Output the listing below verbatim, but drop the images.

**Information shown**
------------------------------------------------------------------------
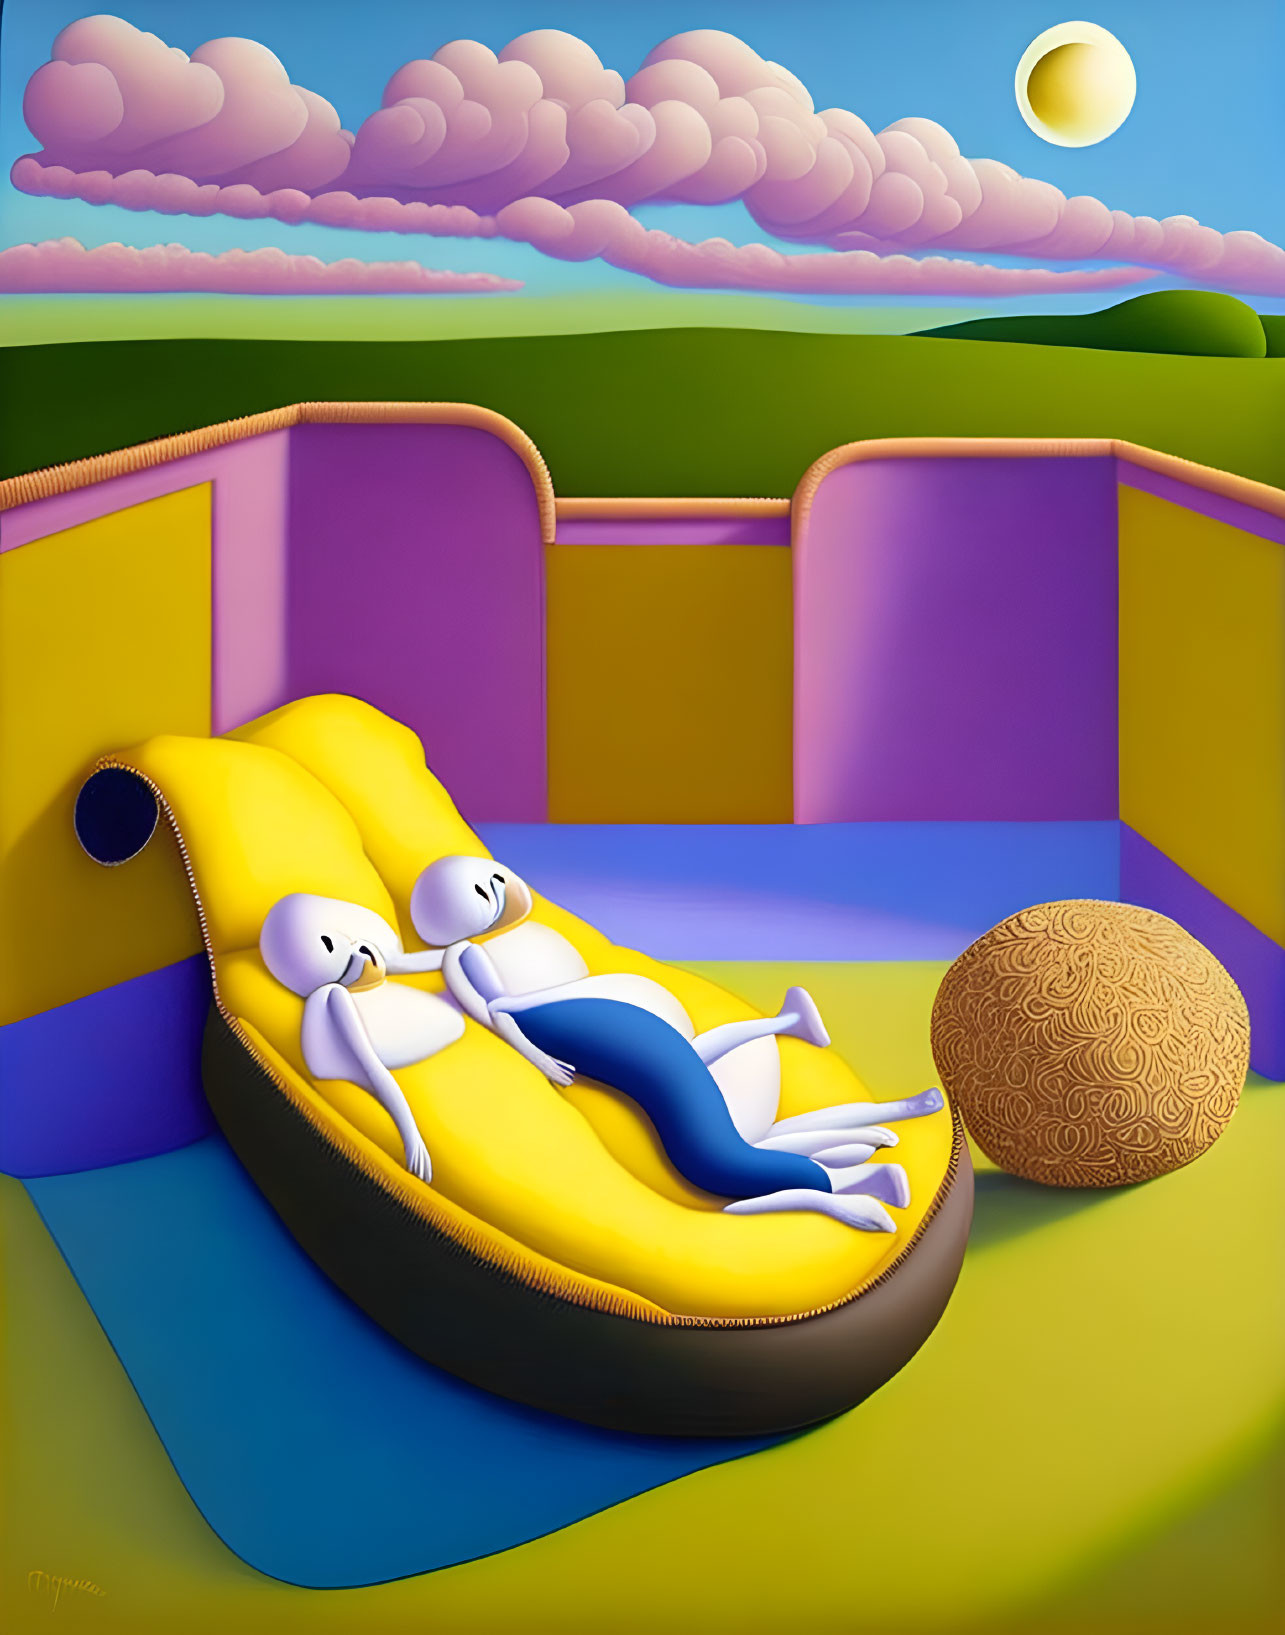 Colorful surreal landscape with stylized characters on yellow sofa in front of round patterned object
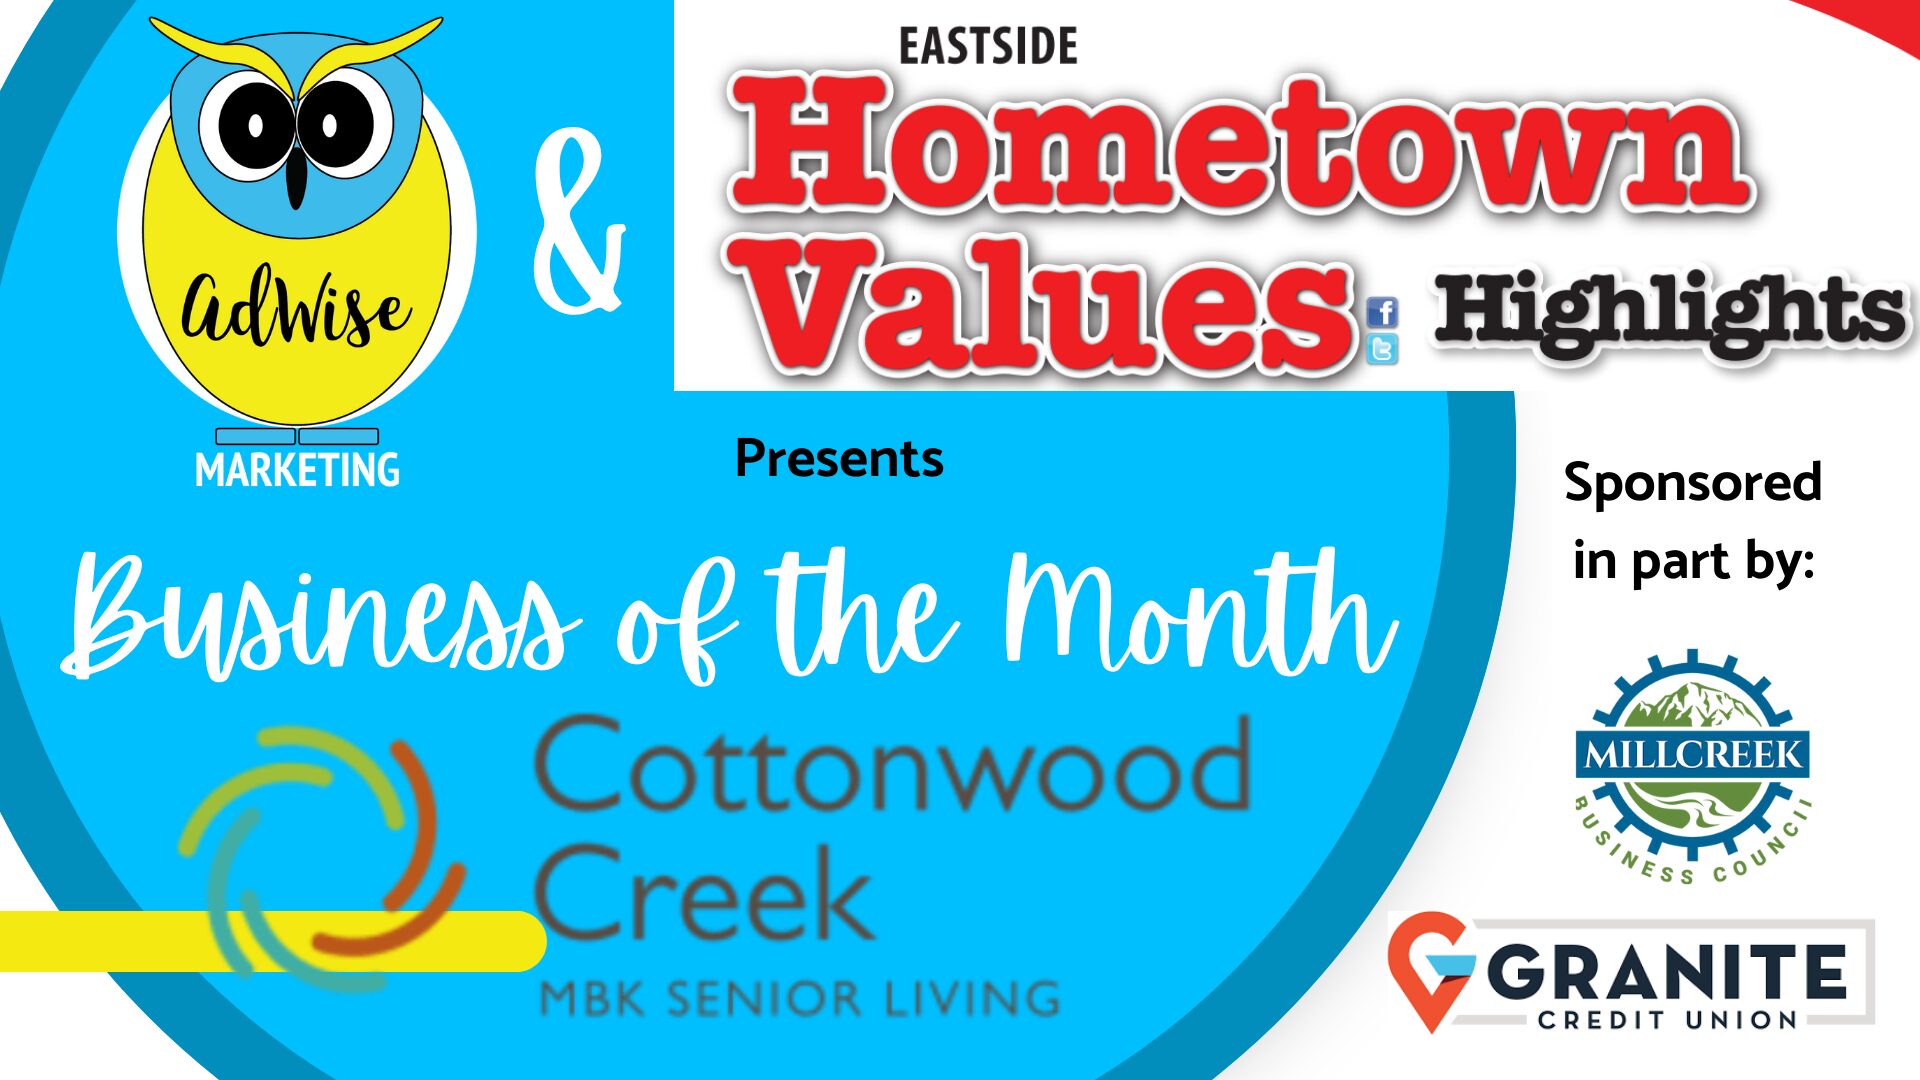 business of the month brought to you by Adwise Marketing and Hometown Values Eastside Edition and sponsored by Granite Credit Union and Millcreek Business Council. this month's featured business is Cottonwood Creek Senior Living (logos included on image)
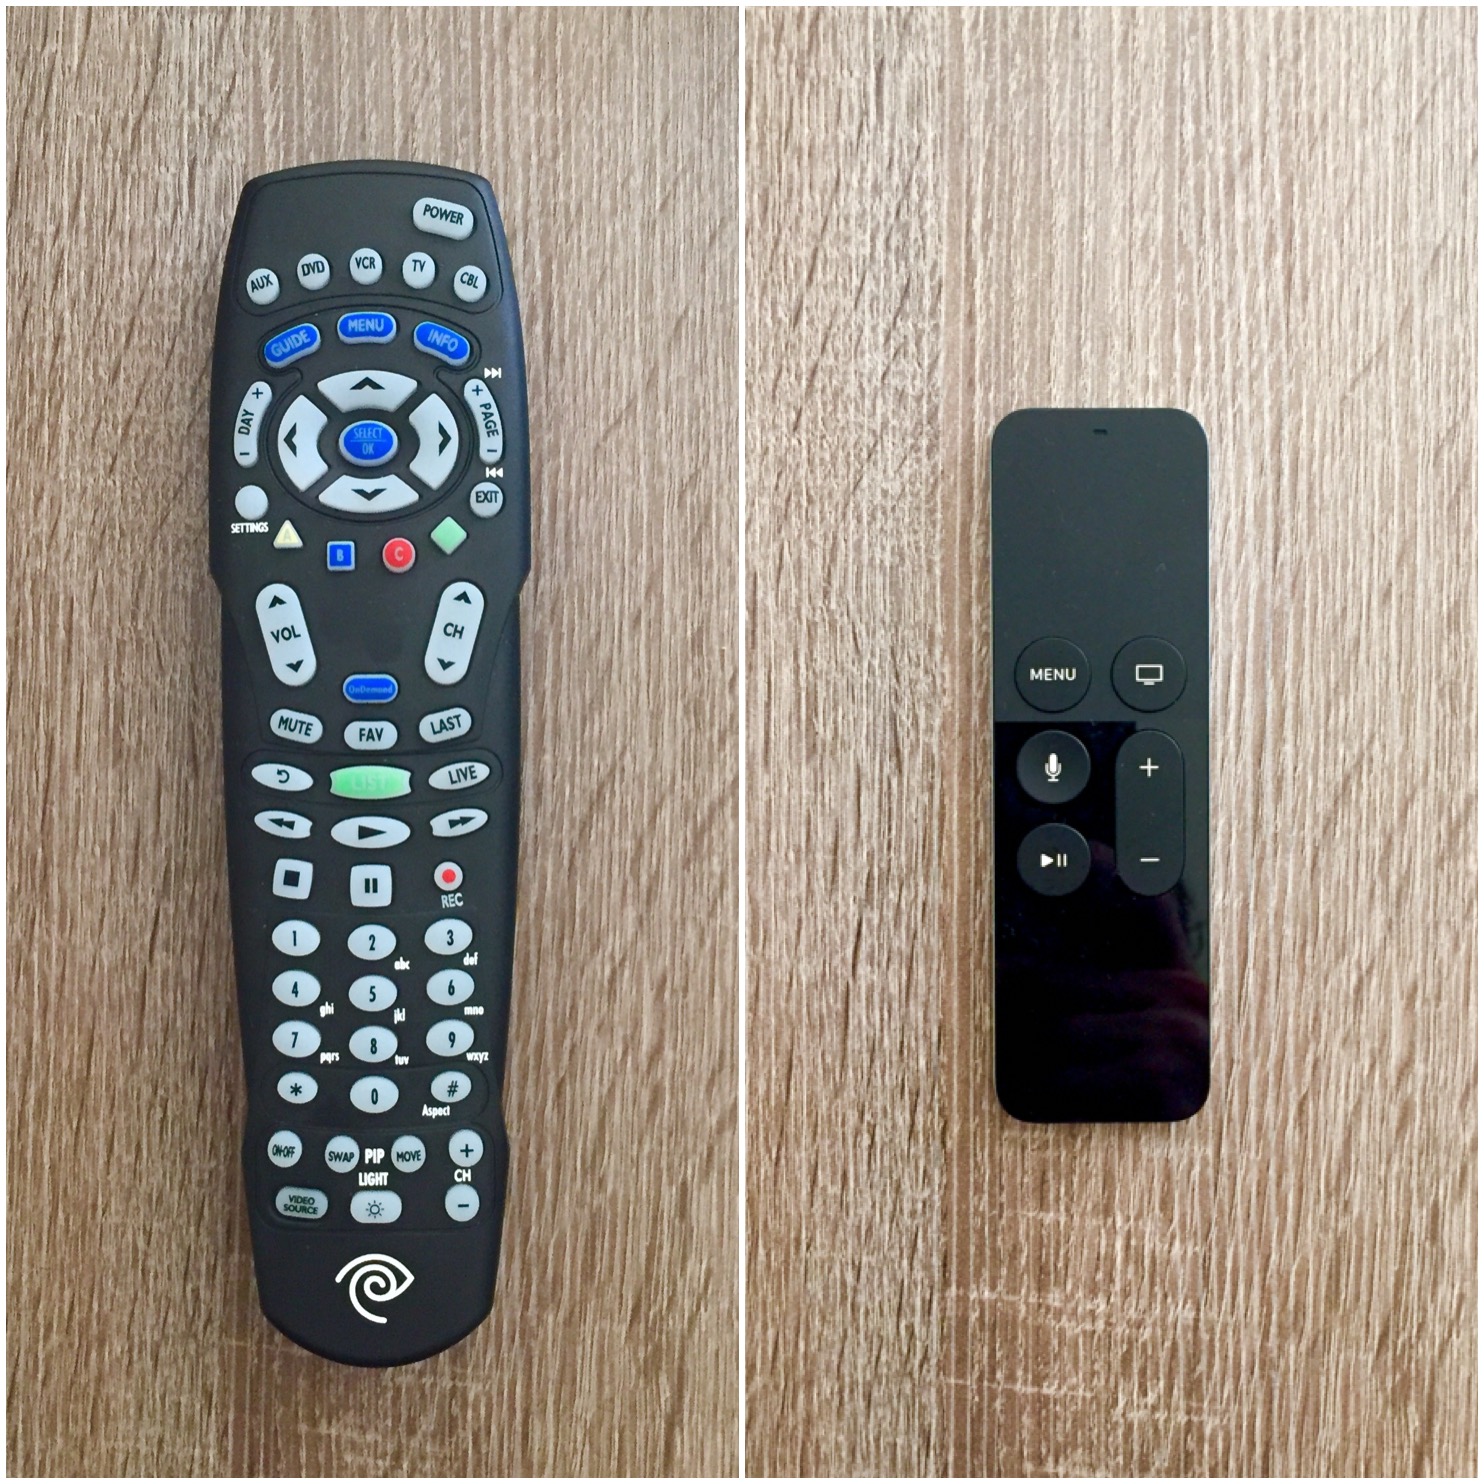 On the left, a standard cable TV remote. On the right, an AppleTV remote.
------------------------------------------------------------------------
**Your solution**
 Colorful surreal landscape with stylized characters on yellow sofa in front of round patterned object
 business of the month brought to you by Adwise Marketing and Hometown Values Eastside Edition and sponsored by Granite Credit Union and Millcreek Business Council. this month's featured business is Cottonwood Creek Senior Living (logos included on image)
 On the left, a standard cable TV remote. On the right, an AppleTV remote.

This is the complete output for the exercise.